Prompt: Retype all of the listing exactly, with no pictures.

Data segment:
..............................
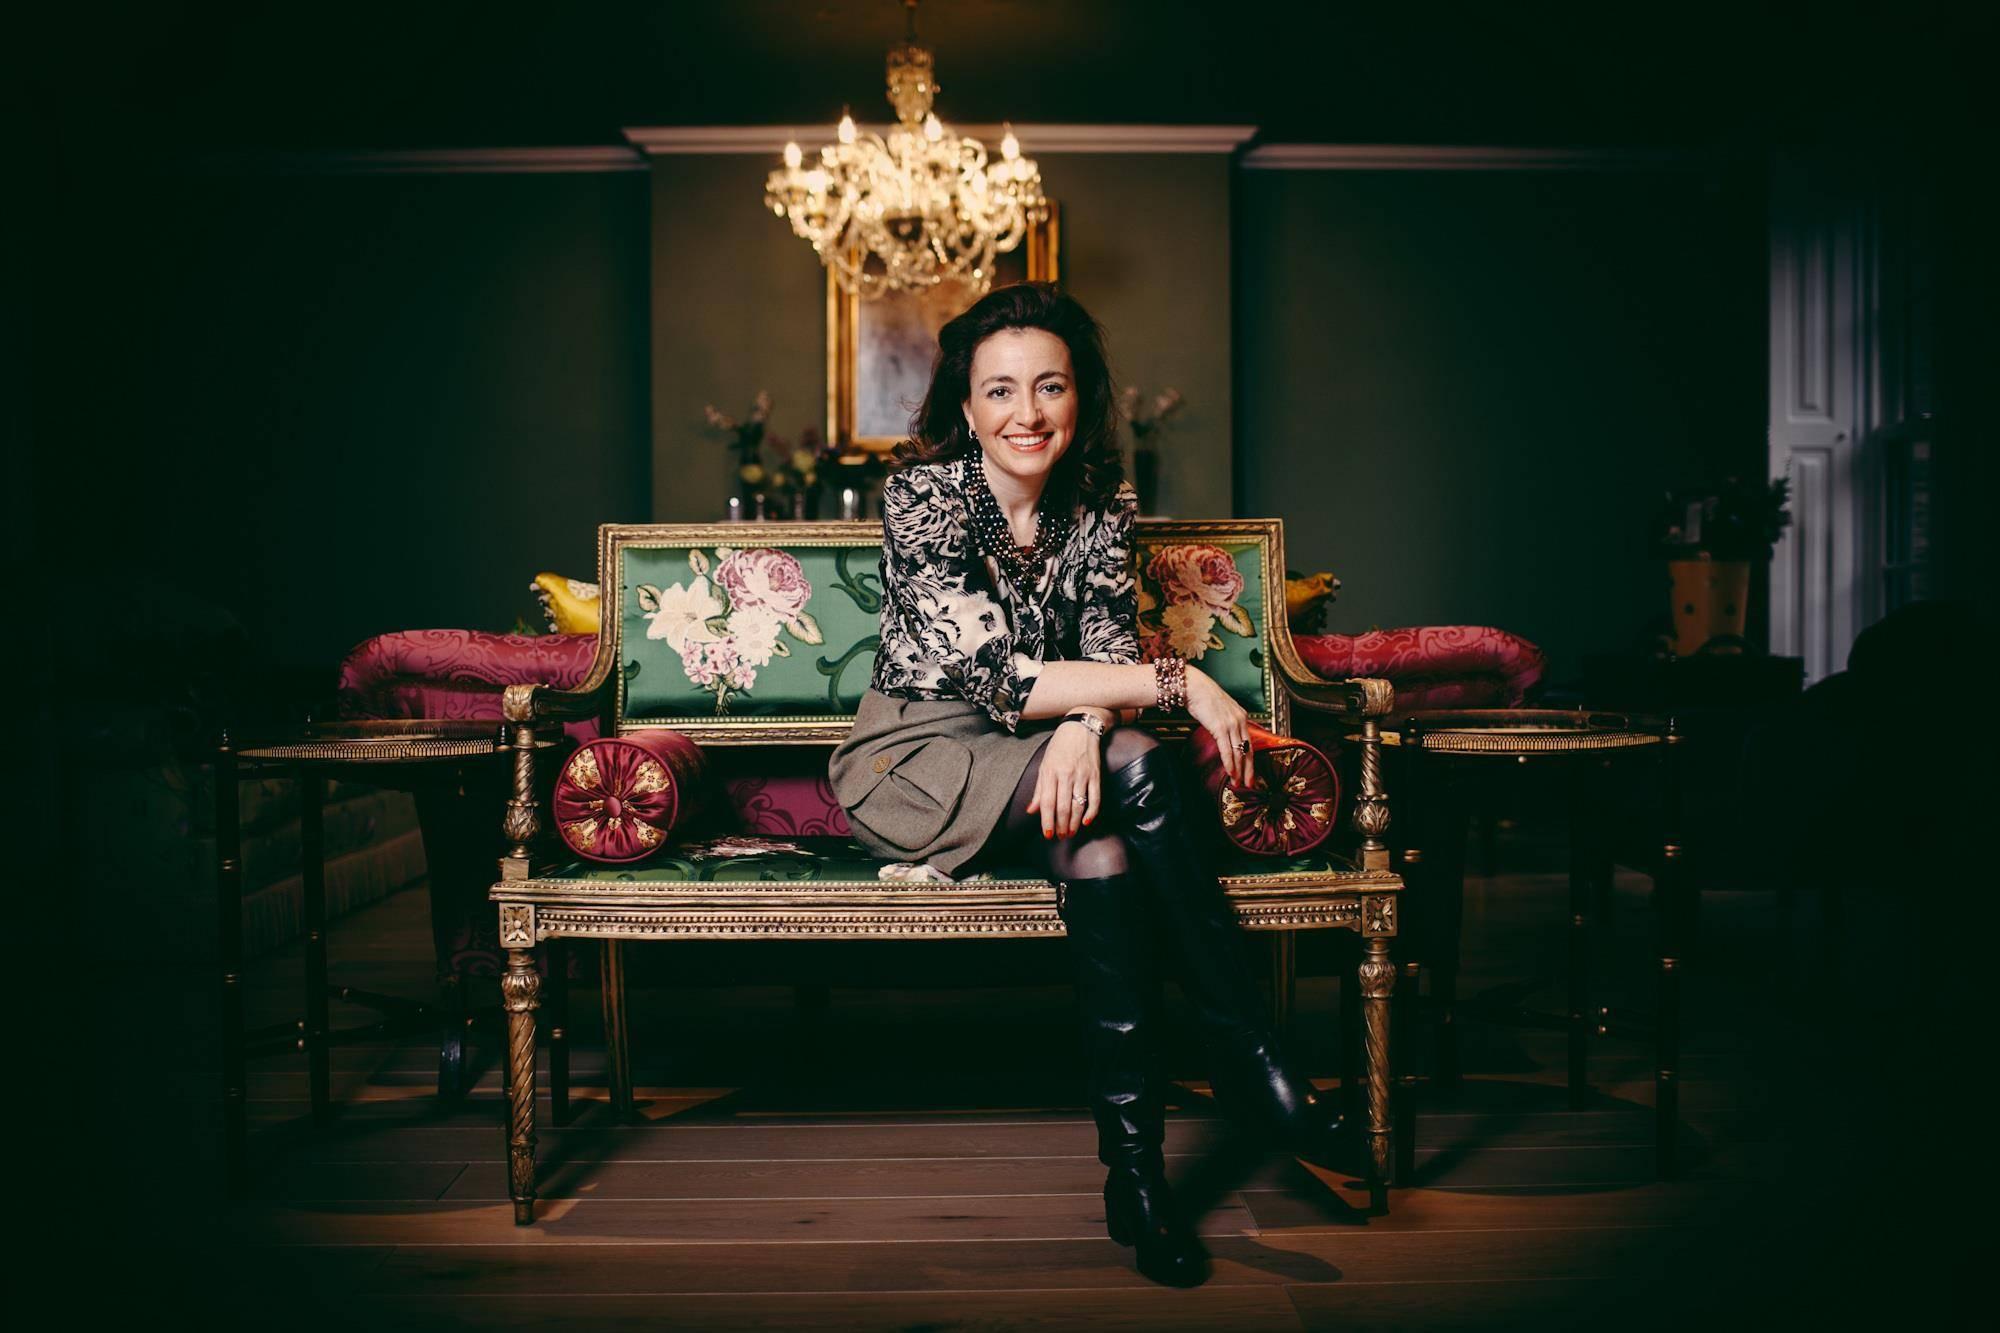 Meet Rachel Bates Interior Designer With Passion For
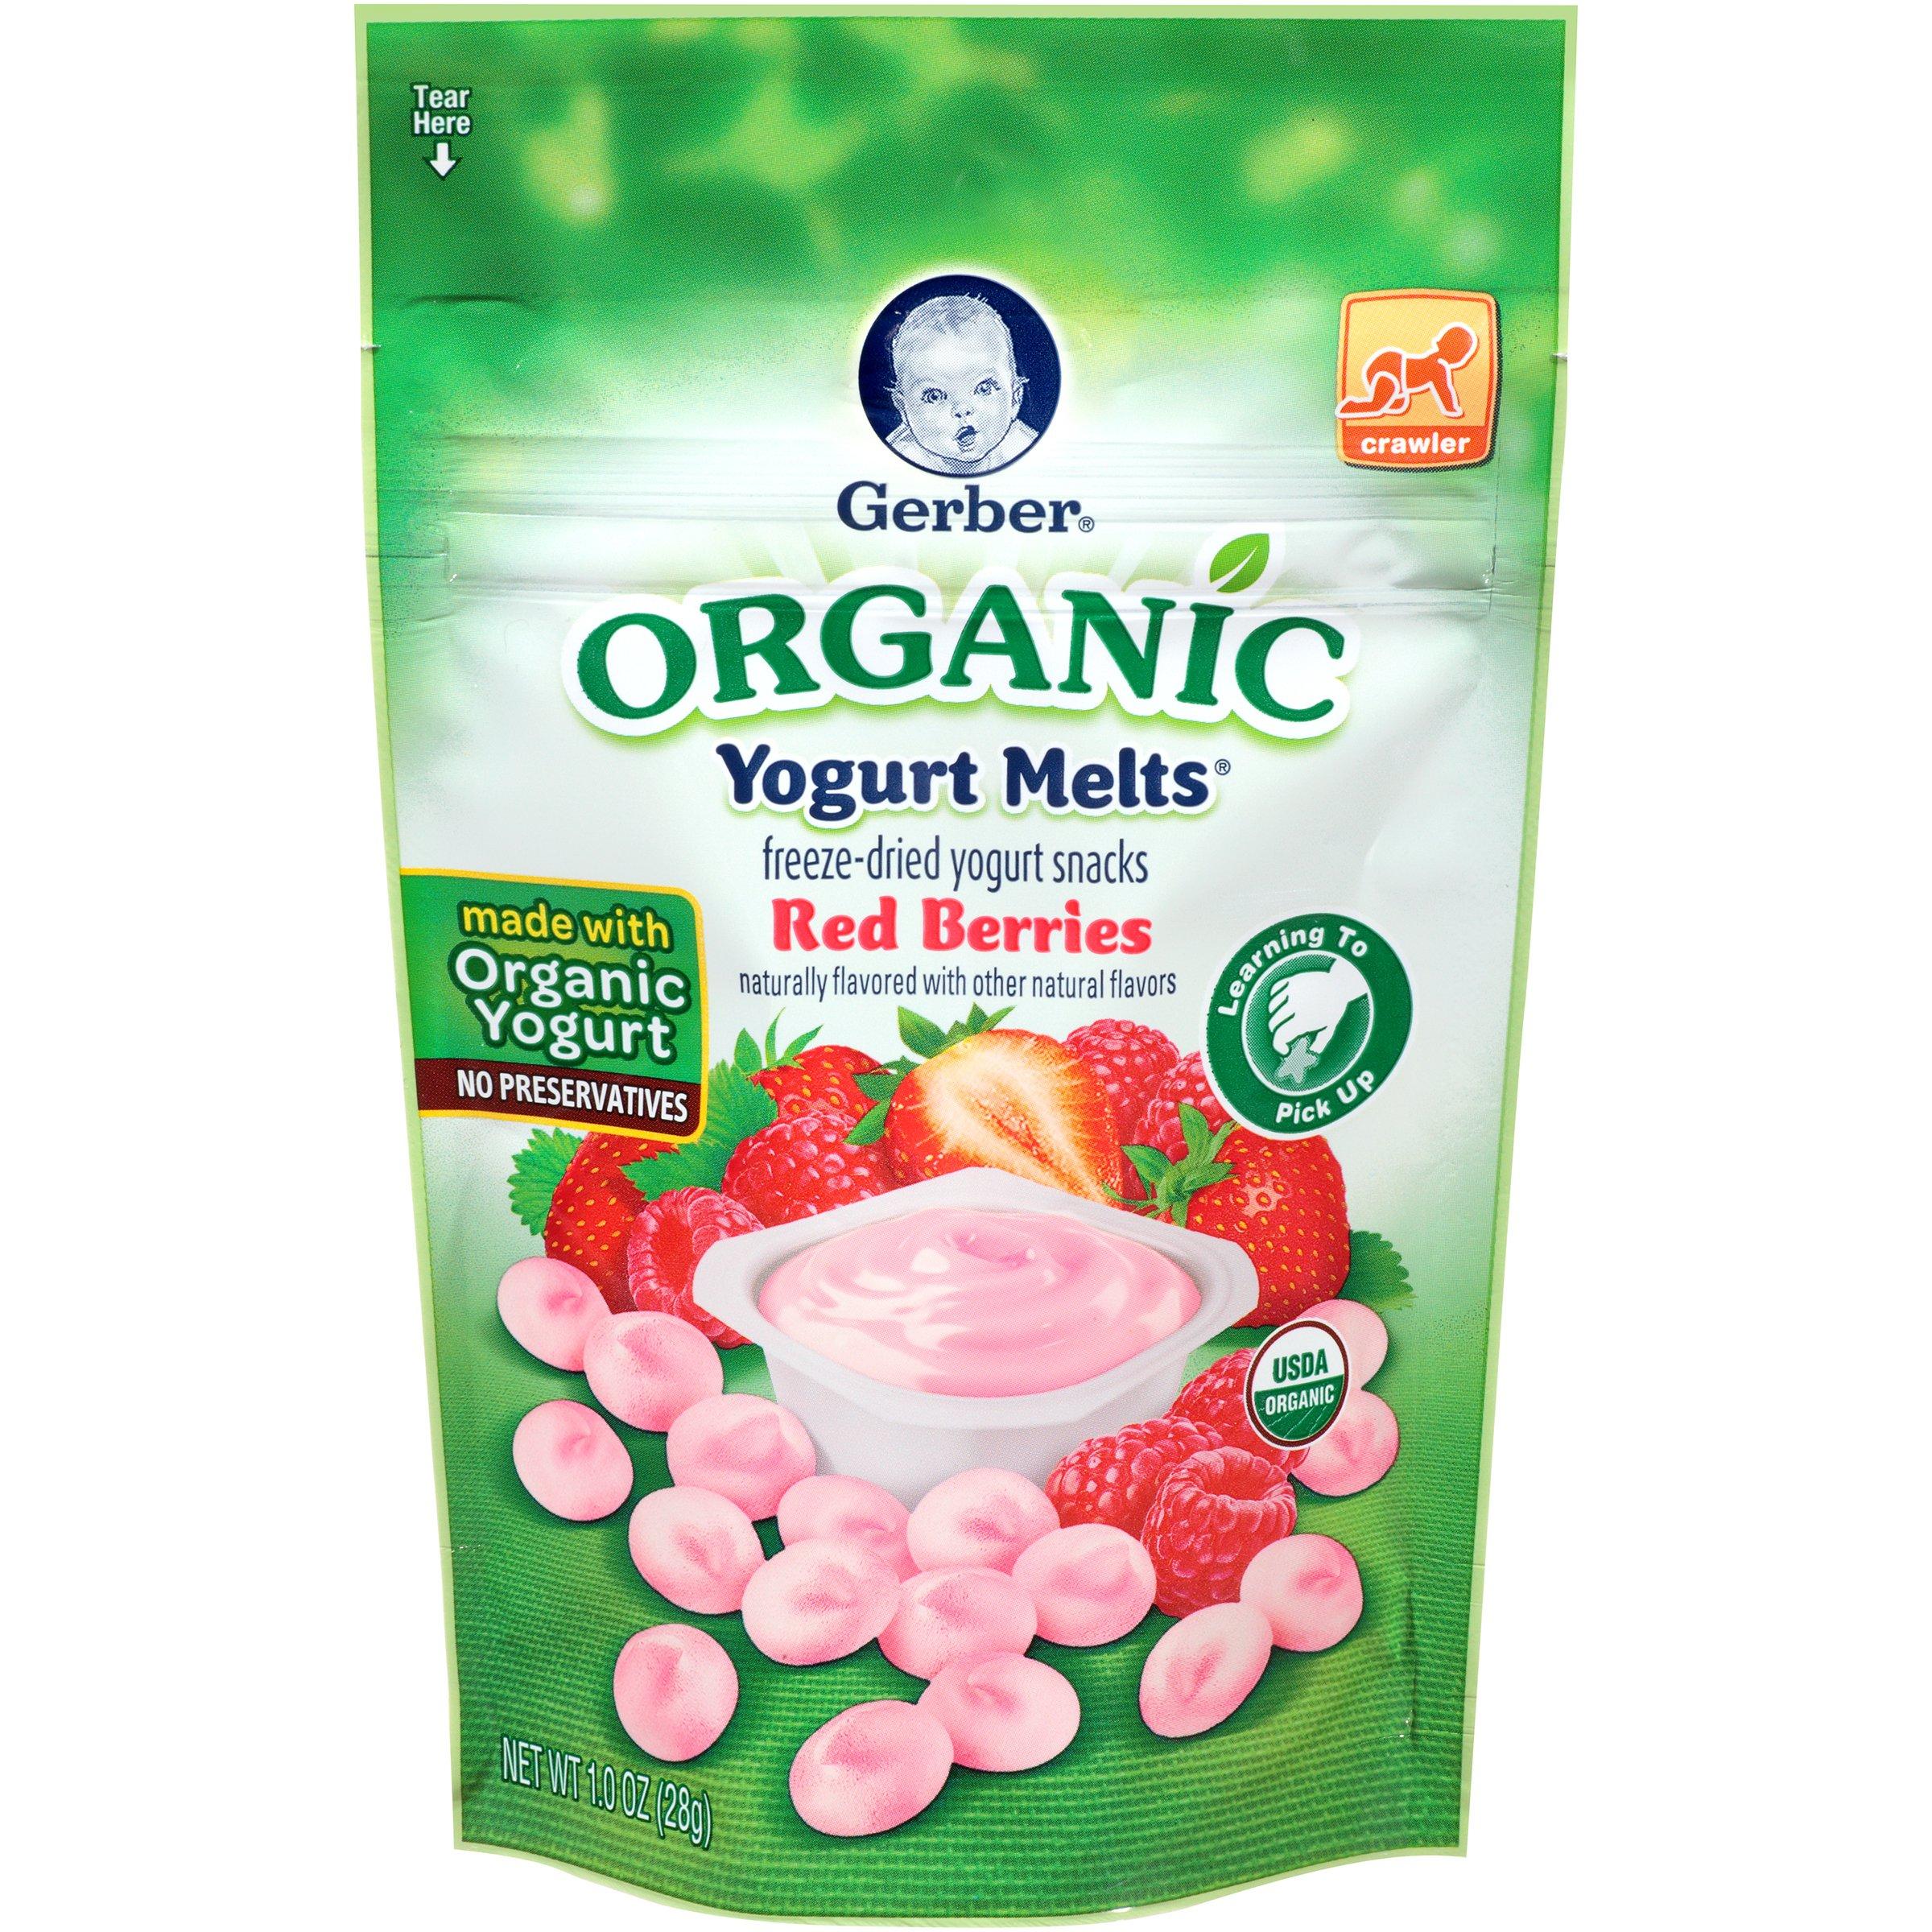 Gerber Organic Yogurt Melts, Red Berries, 1 oz
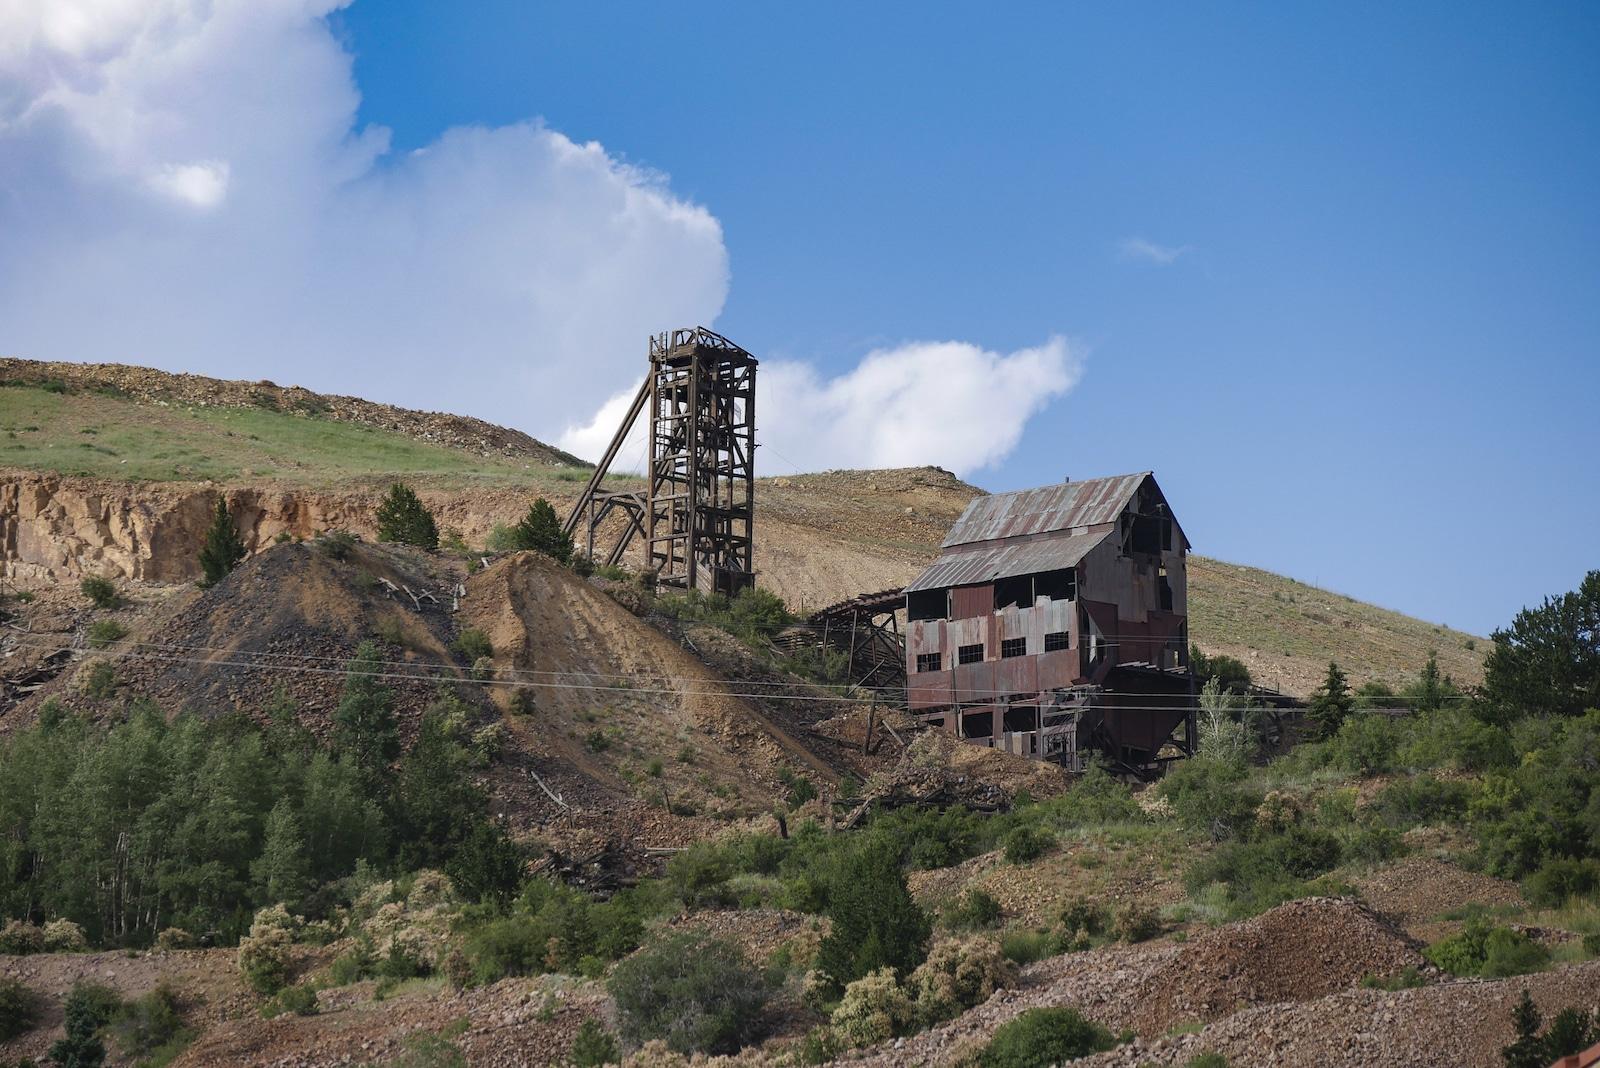 Abaikan Tambang yang menghadap ke Victor, Colorado
..............................
Solved exercise:
 Meet Rachel Bates Interior Designer With Passion For
 Gerber Organic Yogurt Melts, Red Berries, 1 oz
 Abaikan Tambang yang menghadap ke Victor, Colorado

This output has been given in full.